DORA does not repeal sourcing requirements set out in existing EU law and guidance, such as that made under the CRD, MiFID II and Solvency II frameworks. Pinsent Masons has had confirmation from the European Commission that there is no intention to repeal existing laws and therefore, at this stage, the position is that DORA will exist alongside current requirements.
DORA directly addresses overlap with the Network and Information Security Directive and its soon to be issued successor, NIS2.
DORA sets out a framework for the direct supervision of large ICT service providers which are to be designated by the EU supervisory authorities as ‘critical ICT third-party providers’ (CITPPs). Once designated, those providers will need to form a subsidiary in the EU if they do not already have a presence.

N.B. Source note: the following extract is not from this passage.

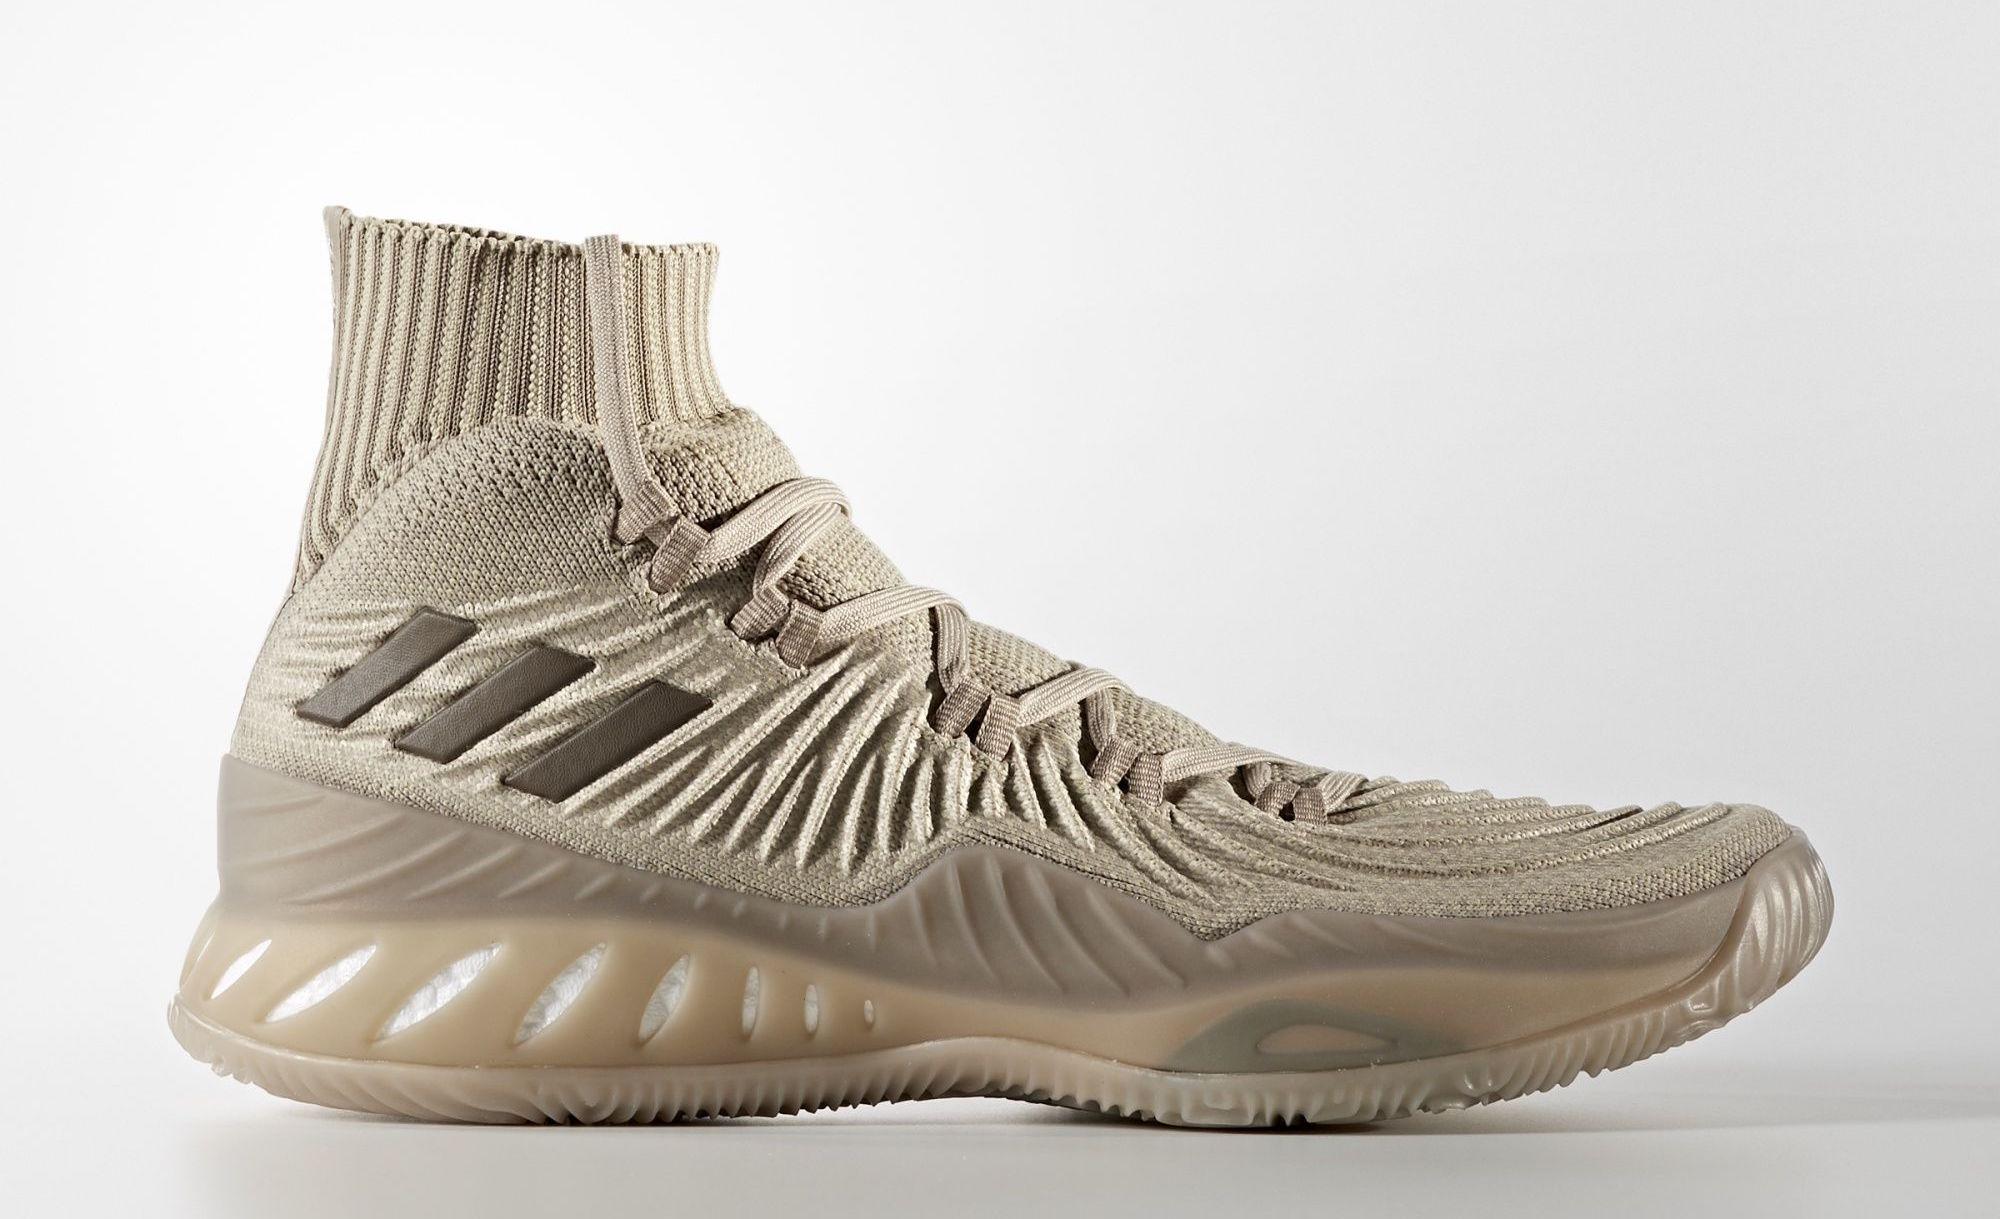 separation shoes 61550 29322 adidas crazy explosive 2017 trace khaki 2 · adidas   Kicks On Court ...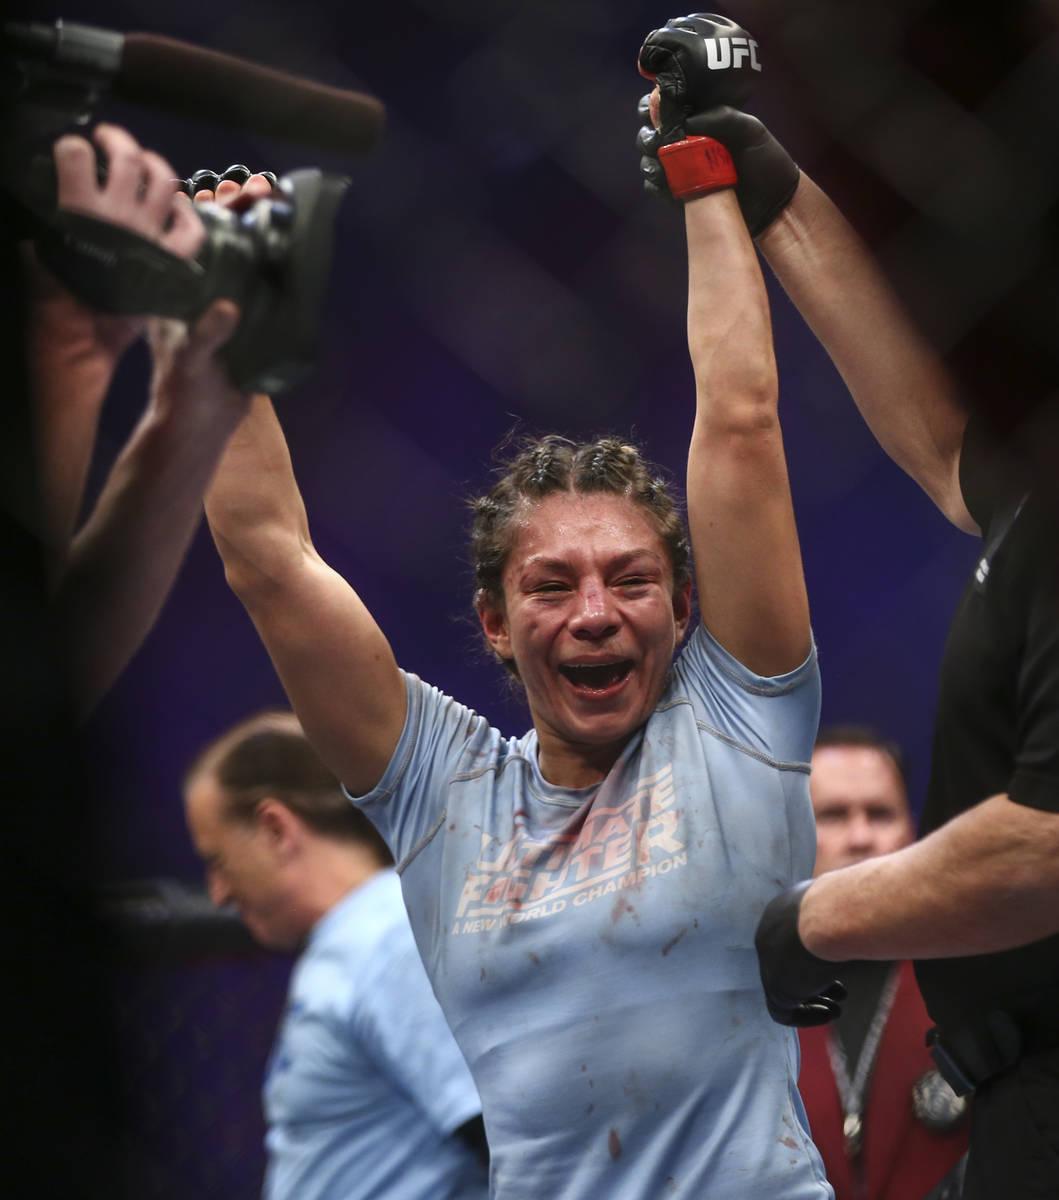 Nicco Montano celebrates after defeating Roxanne Modafferi via unanimous decision in a women's ...

While there is a requirement to have a subsidiary in the EU, there is no direct requirement for financial entities to only contract with the EU entity of the designated CITPP. If the CITPP does not form an entity in the EU within a specified period after designation, financial entities will be prohibited from using its services.
A group of ICT companies may be designated as a CITPP with one of its EU entities appointed as the point of contract.
One of the EU supervisory authorities – the EBA, EIOPA or ESMA – will be appointed as the lead overseer for the CITPP. The authority will issue an oversight plan to the CITPP and carry out investigations and inspections. It will also have extensive powers to request information and documentation.
The lead overseer also has the power to issue recommendations to the CITPP. This includes powers to ask the CITPP to take specific IT security measures and change terms and conditions or subcontracting arrangements. The CIPTT is not compelled to comply with the recommendations, but if it does not, regulators may direct financial entities to suspend or cancel contracts with the CITPP.
DORA sets out a new detailed regime for ICT incident response management. It includes requirements to report major ICT incidents to regulators on a mandatory basis, as well as significant cyber threats on a voluntary one. There are also requirements to inform customers of incidents.
Financial entities will need to look closely at the extent to which their supplier contracts enable them to meet all of the incident response requirements in terms of identifying and recording all incidents, reporting within specific timeframes to regulators and undertaking remediation action.
In similar vein to the EU’s plans for DORA, UK policymakers are also seeking to stiffen operational resilience in financial services by bringing ‘critical third parties’ (CTPs) to financial institutions within the scope of direct regulation by financial regulators in the country.
Major technology providers will want to track progress of the Financial Services and Markets Bill through the UK parliament to understand how the new UK regime might apply to them. It is likely that some of the providers will be subject to both DORA and the UK’s CTPs regime. Businesses in that position will want to understand what the requirements are likely to be under both frameworks, identify processes that might support compliance across the different jurisdictions, and consider lobbying UK law makers where they see scope for amendments that would make compliance with the two regimes easier.